【レポート】MACWORLD Expo/San Francisco 2000基調講演速報

      [2000/01/06]

    ○Jobs! Jobs! Jobs!

    毎年、サンフランシスコで1月に開催されるMac業界の大イベント「MAC WORLDExpo/San Francisco」。Macの大イベントとしては、このサンフランシスコのエキスポのほかに、東京(2月)と、ニューヨーク(7月)のMACWORLD Expo、9月のパリでのAppleExpoがあるが、その中でも規模が一番大きいのが、このサンフランシスコで開かれるMAC WORLD Expoなのだ。今年も1月4日から8日にかけて、同市のMoscone Convention Centerで開催されている(プレコンファレンスが4日で、展示会は5日から)。

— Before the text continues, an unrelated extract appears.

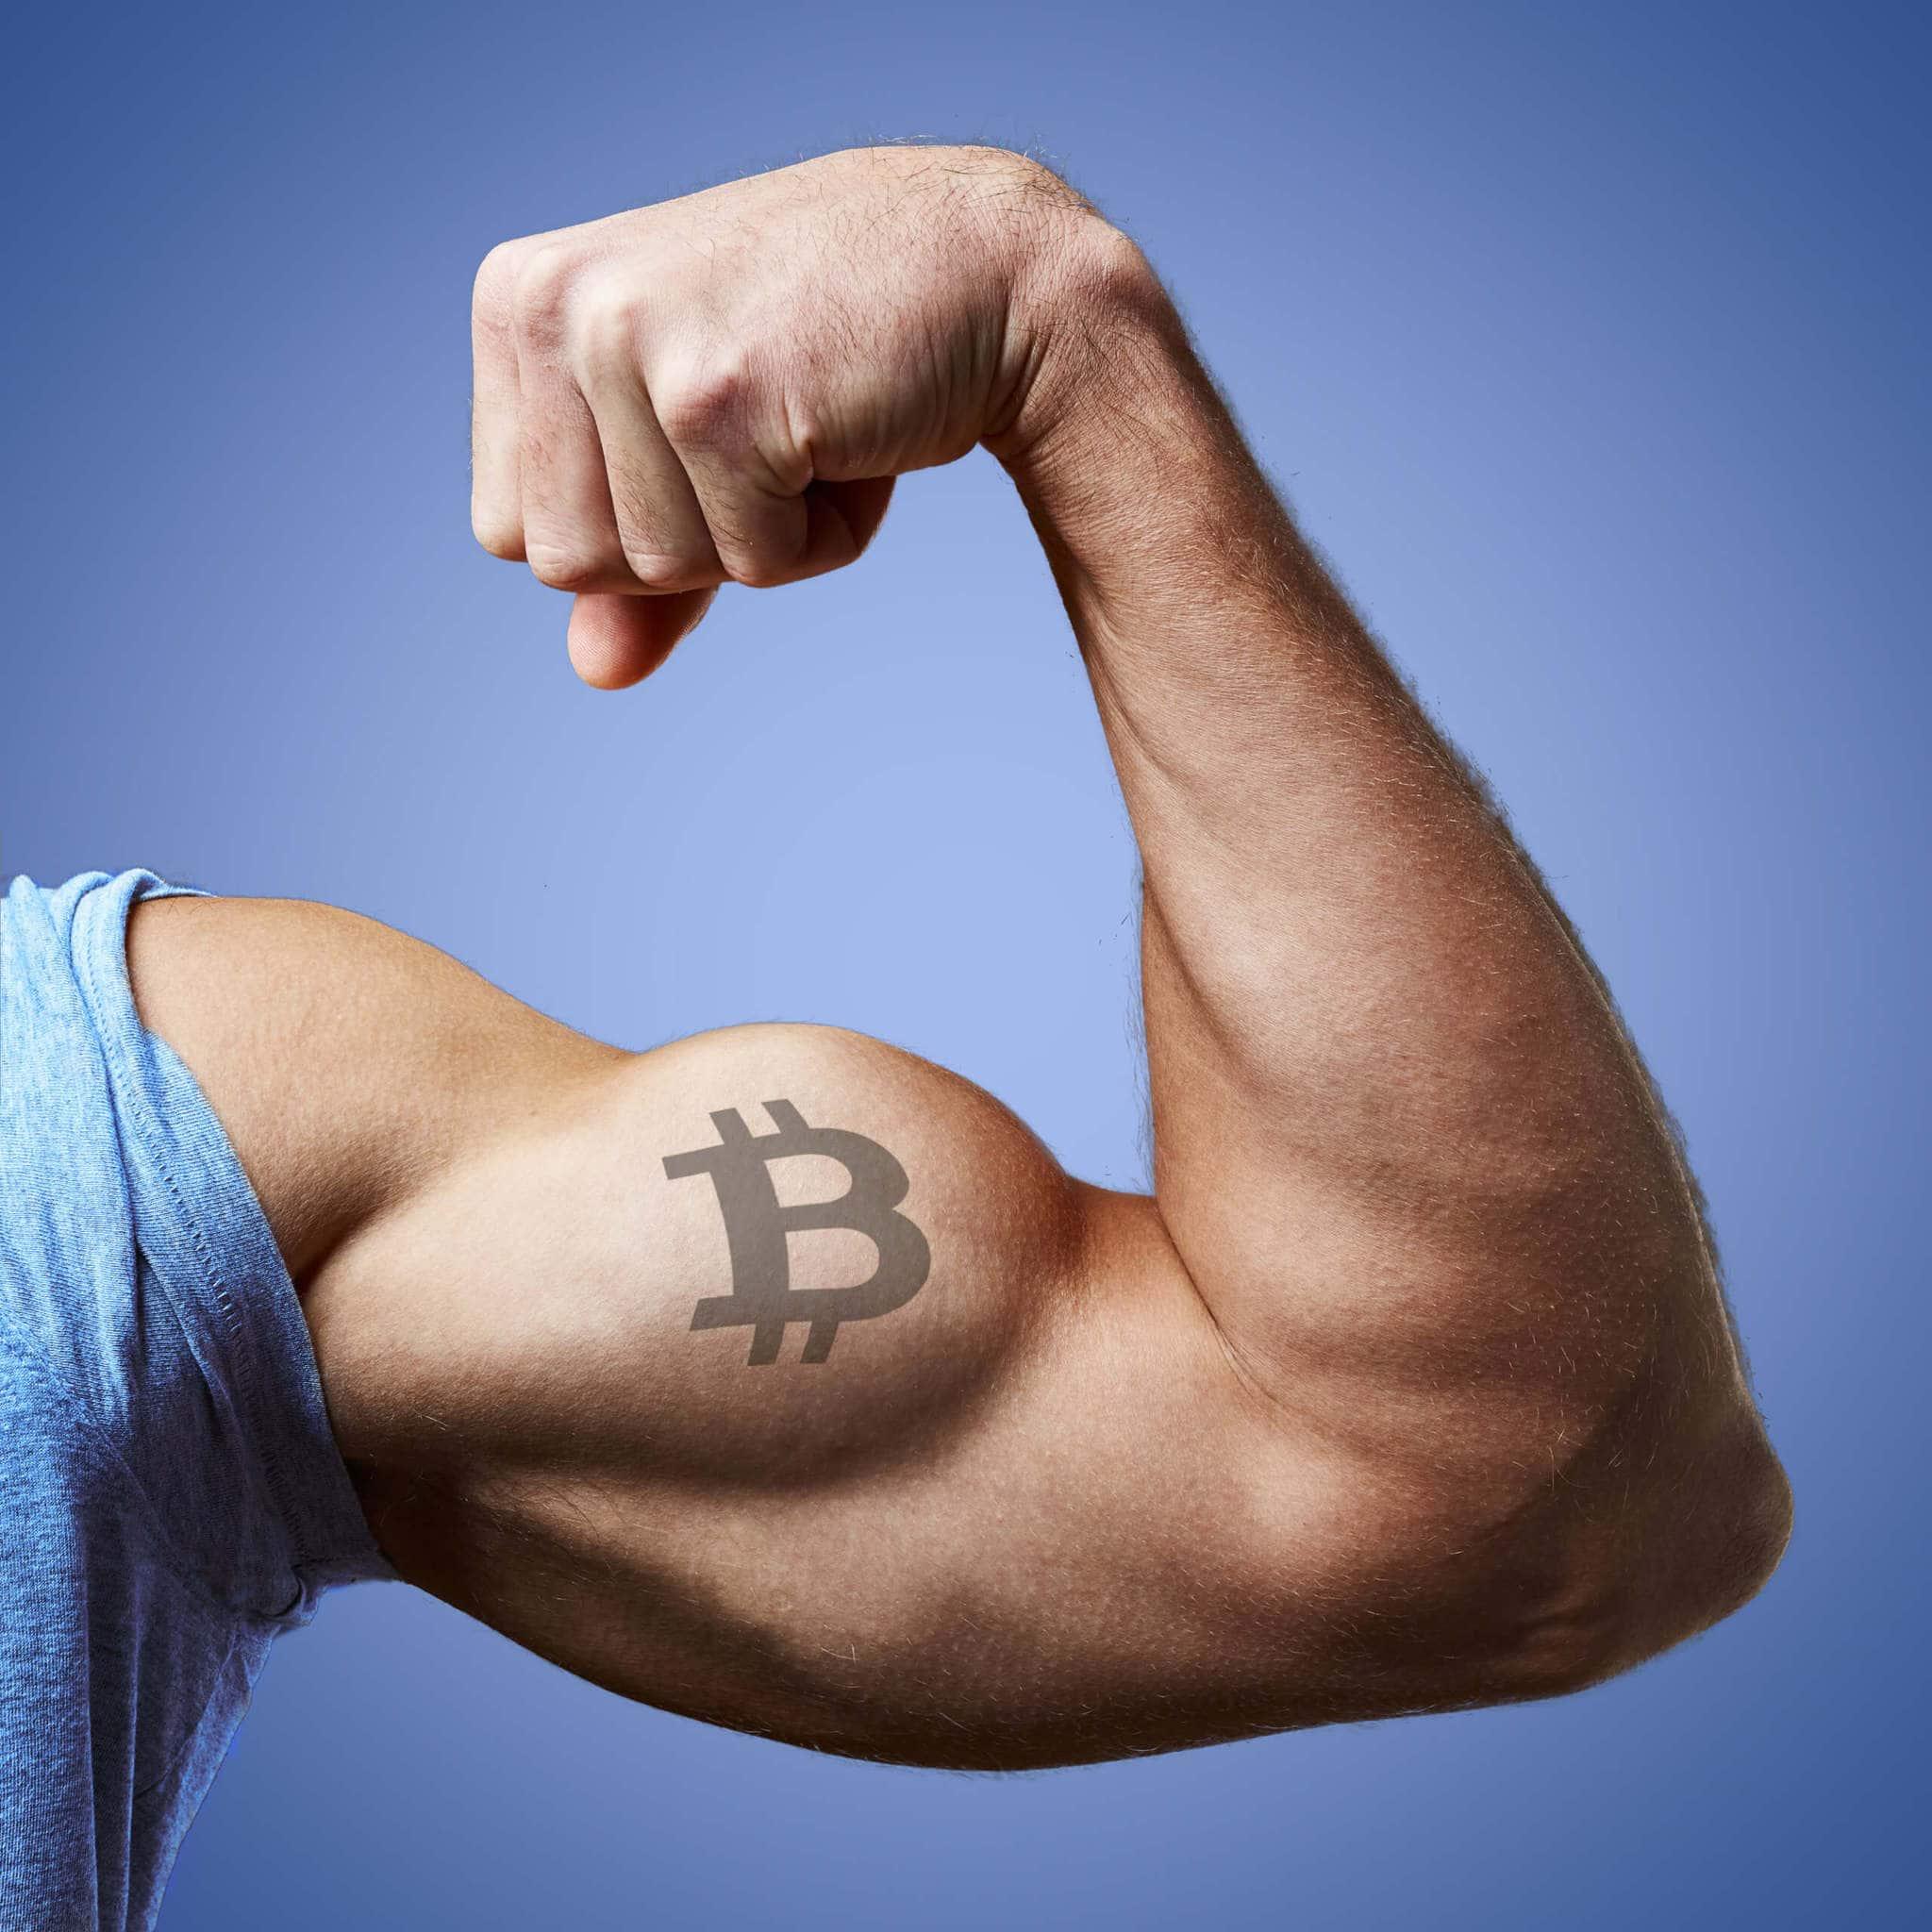 Bitcoin Tattoo auf Bizeps - Bitcoin-Kurs im Aufwind?

    現地時間1月5日の午前9時からApple社のiCEOであるSteve Jobs氏による基調講演が開始された。冒頭では、iBookとiMacがいかに好調に売れているかの説明が行われた。iMacやiBookユーザーの90%がインターネットを利用しており、70%のユーザーがオンラインショッピングを経験しているなど、Macユーザーとインターネットとの親和性が強調された。

    ○Apple、インターネット戦略を大幅に強化

    今回の基調講演の主要なテーマに、Appleのインターネット戦略の強化があげられる。キーワードは「iReview」「iTools」「iCards」の3つ。いずれAppleのサイトで無償で利用することができる、新しいサービスだ。「iReview」は、アップルが選んだオンラインガイド。「iCards」は、ホームページ上からグリーティングカードを任意の相手に送信することができるもの。「iTools」には、子供が有害サイトにアクセスするのを防ぐ「KidSafe」、「~@mac.com」というドメインのメールアドレスを取得できる「Mac.com」、20MBのディスクスペースをオンラインで提供する「iDisk」、ホームページを簡単に作成できる「Homepage」の4つの機能がある(ただしiToolsを利用するにはMac OS 9が必要で、現在は米国とカナダ在住のユーザーに限定)。

    Appleは、すでに持っているソフトウェアとハードウェアの技術に、インターネットの技術を加えたのだ。また、Appleは、大手プロバイダのEarthLinkと提携し、同社に2億ドルの投資を行った。

    ○Mac OS Xのインターフェイスが明らかに

    続いて、次期Mac OSである「Mac OS X」のスケジュールが発表された。ファイナルベータ版が今年の春、そして夏には製品版がリリース。来年の1月には、プリインストールされた最初のマシンが発売になる予定。「Aqua」と呼ばれる新しいインターフェイスは、液体のような透明感を持った、シンプルで美しいデザインになる。新しくなったFinderは、Sherlock 2やQuickTime Playerを意識させるインターフェイスになっている。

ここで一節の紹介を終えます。